# Building your own ATV stereo...



## tacoma_2002

Anyone ever built their own? I know I've seen tons of PVC Audio Tubes, but has anyone ever built their own system with the radio/cd player?

I'm thinking of doing this in the near future, and I'm trying to get a few idea's. I've thought of using the medium sized coleman cooler and just cutting holes in it and sealing it all up, or building a custom box from fiberglass.

Just throwing idea's around.


----------



## PolarisEmtFirefighter

You can use wood just get it linxed ive built one with a buddy and it dont leak at all . with the Cd player set up


----------



## tacoma_2002

I'll probably wind up building one out of some flimsy wood and coat with fiberglass and resin...then tear out all the excess wood that I'll have to use to brace up the mold and spray it with bedliner...If I can figure out how to cram a CD player into some large PVC pipe I'll go that route.....or the cooler.


----------



## harmonsbrute

tacoma did u get my pm?


----------



## tacoma_2002

thats what gave me the PVC idea Harmon .

Looking to do this on the cheap....Shooting for around 200bucks if not I'll order from atvtrailtunes.


----------



## harmonsbrute

if u do order from him. tell him i sent ya. might getcha a lil cheaper


----------



## tacoma_2002

cool deal man! thanks!


----------



## harmonsbrute

yup


----------



## snipe523

This is one I built for my old Brute. It took me about two days to slap together and I coated it with the bedliner spray from wallyworld.


----------



## 850PoPo

Man that is nice how much in materials does it cost to build one like that ?


----------



## snipe523

I think the materials ran me about 60-70 bucks for that one. The most expensive part is the resin. I think it was about 30 or so dollars a gallon the last time I bought it.


----------



## 850PoPo

I've seen fiberglass filler at stores in the automotive section is that the same as resin you like mix hardner with it to form solid


----------



## IBBruin

tacoma_2002 said:


> I'll probably wind up building one out of some flimsy wood and coat with fiberglass and resin...then tear out all the excess wood


Go to Wally World or any craft store and buy the foam blocks like florist use to make floral arrangements. Glue them together, shape it any way you want. cover it with glass mat and pour resin over it. After the glass is cured you can go to a car wash and use the pressure washer on the foam and viola! That's how I did my scoop.


----------



## 850PoPo

Hey do you have any pictures on how you did it and were we can get the materials i have some spare time and would like to make this a project ive never heard of glass mat


----------



## IBBruin

Sorry no pics during the process. click the link in my sig to see the finished product.
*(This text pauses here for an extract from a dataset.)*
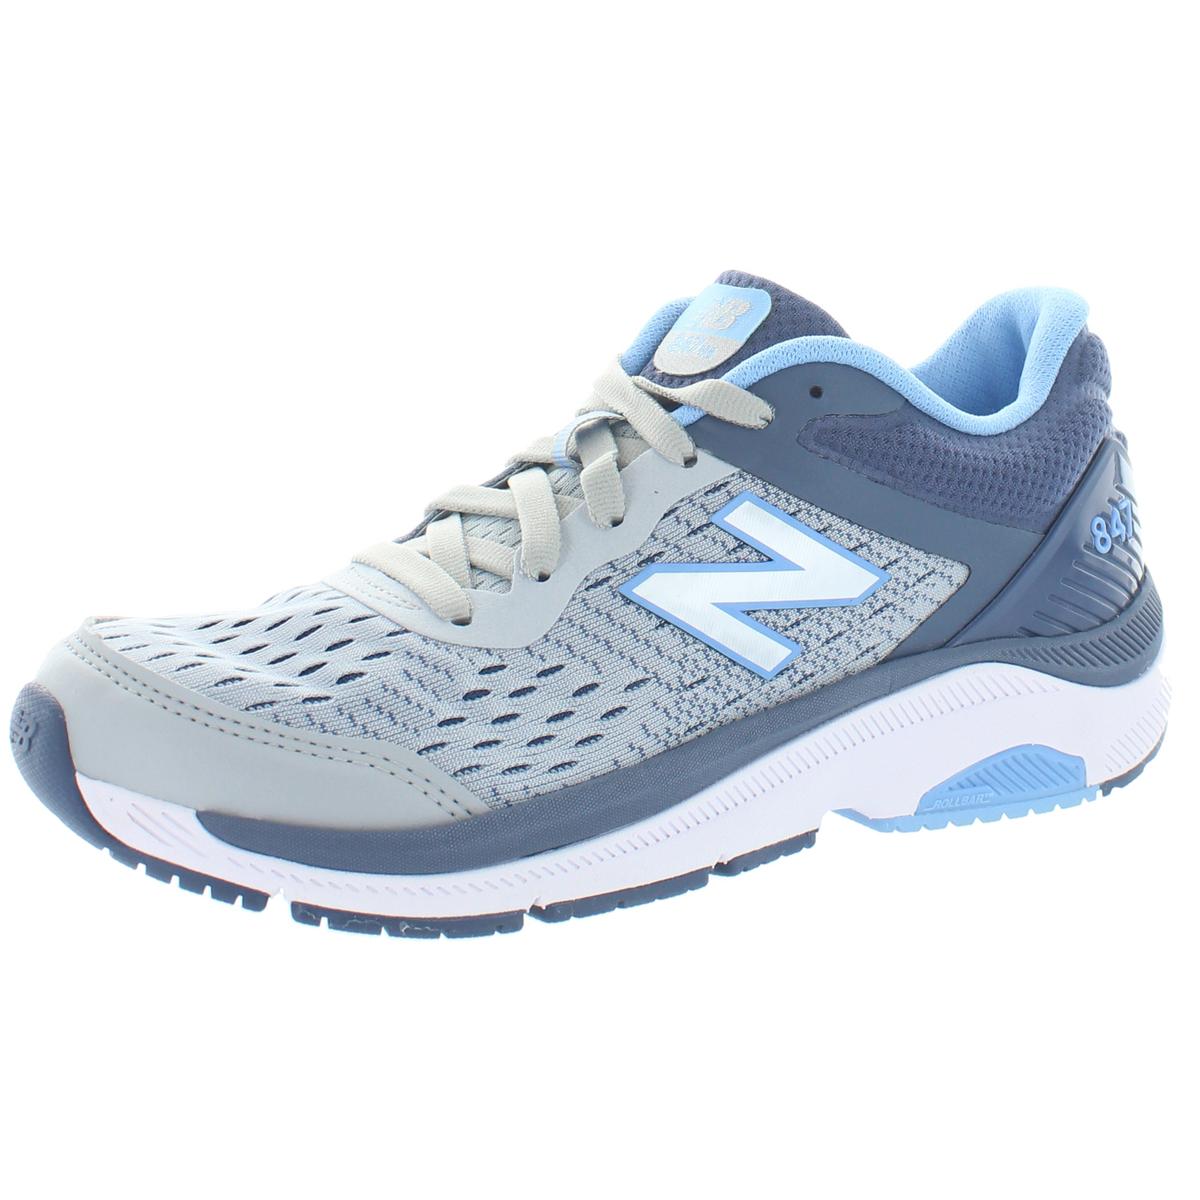 New Balance Womens 847 Gray Athletic Shoes Sneakers 7 Narrow (AA,N) BHFO 6490 | eBay

I got everything I needed at Wal Mart. The glass mat I was talking about is just fiberglass that's woven like cloth instead of fibers just thrown together. Once you get your form together and shaped the way you want it, you can spray it with adhesive and stick the mat to it. It will stay in place until you get the resin poured on it. If you've never done any fiberglass work before, practice just covering one of the foam blocks. It'd be a biotch to build the form for your stereo and have something come up you forgot to do.


----------



## tacoma_2002

Did the resin not eat the florist foam up? I'd thought about that, but I was skeered the resin would eat the foam up!


----------



## IBBruin

Excellent question. I guess they make several different kinds of the foam. On the scoop for mine, the resin had no effect. On another scoop I made, the resin DID start to melt the foam. Luckily we tested it on a piece before we soaked the actual form. Once we realized it would melt the foam, We bought a box of plaster of paris, the dry kind, and put a thin layer of it over the foam with a putty knife. Once it dried we sanded it lightly and attached the mat to it. I'm glad you brought that up.


----------



## tacoma_2002

Wanna help me build one ? Where'd you get the foam? I thought about HobbyTown over at Barnescrossing, but they closed down a while back!


----------



## IBBruin

Wal Mart has them pretty cheap. If I could find the time I wouldn't mind helping at all.


----------



## guimond47

hey boys , i need help. where would i buy the bed liner spray to protect and seal my wooden stereo box? does it come in a spray can?


----------



## biggdady

yes it comes in a spray can and I know for a fact i can get it at wally world over here. Just make sure you hit the seam of the wood real good with the bed liner or ruberized under coating to make it water tight.


----------



## wood butcher

auto parts stores carry it , maybe even walmart


----------



## gpinjason

Don't use the rubber under coating spray... That's what I used and it doesn't really dry right on wood... Even a year later it is still tacky


----------



## hoover

Undercoat never really dries LOL, people are always bringing cans back thinking its defective...


----------



## gpinjason

It definitely keeps the box from moving around on the front rack... you actually have to pry it off... LOL


----------



## guimond47

in otherwords do not use undercoating? just bed liner?


----------



## gpinjason

guimond47 said:


> in otherwords do not use undercoating? just bed liner?


exactly


----------



## tiababby

*Brute force speaker box*



snipe523 said:


> This is one I built for my old Brute. It took me about two days to slap together and I coated it with the bedliner spray from wallyworld.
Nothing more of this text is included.